EXERCISE BRIEF:
With both ends included, repeat exactly the lines of the entries below from the one containing "Hintergrundbeleuchtung-Blick auf die" down to the one containing "Gesetzblatt (GBl.) der", and no others.
*** MATERIAL FOR THE TASK Section Begins ***
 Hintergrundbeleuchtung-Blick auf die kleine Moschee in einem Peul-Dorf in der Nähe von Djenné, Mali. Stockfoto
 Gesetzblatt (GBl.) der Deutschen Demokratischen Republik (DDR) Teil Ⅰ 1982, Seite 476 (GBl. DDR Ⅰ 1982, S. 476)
*** MATERIAL FOR THE TASK Section Ends ***
*** MATERIAL FOR THE TASK Section Begins ***
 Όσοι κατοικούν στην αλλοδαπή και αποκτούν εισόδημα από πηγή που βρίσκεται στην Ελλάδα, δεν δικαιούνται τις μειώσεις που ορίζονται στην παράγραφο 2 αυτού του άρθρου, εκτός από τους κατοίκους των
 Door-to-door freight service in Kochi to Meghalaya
*** MATERIAL FOR THE TASK Section Ends ***
*** MATERIAL FOR THE TASK Section Begins ***
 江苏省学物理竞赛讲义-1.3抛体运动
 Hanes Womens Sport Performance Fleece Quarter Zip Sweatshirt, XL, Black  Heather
*** MATERIAL FOR THE TASK Section Ends ***
WRITTEN RESPONSE:
 Hintergrundbeleuchtung-Blick auf die kleine Moschee in einem Peul-Dorf in der Nähe von Djenné, Mali. Stockfoto
 Gesetzblatt (GBl.) der Deutschen Demokratischen Republik (DDR) Teil Ⅰ 1982, Seite 476 (GBl. DDR Ⅰ 1982, S. 476)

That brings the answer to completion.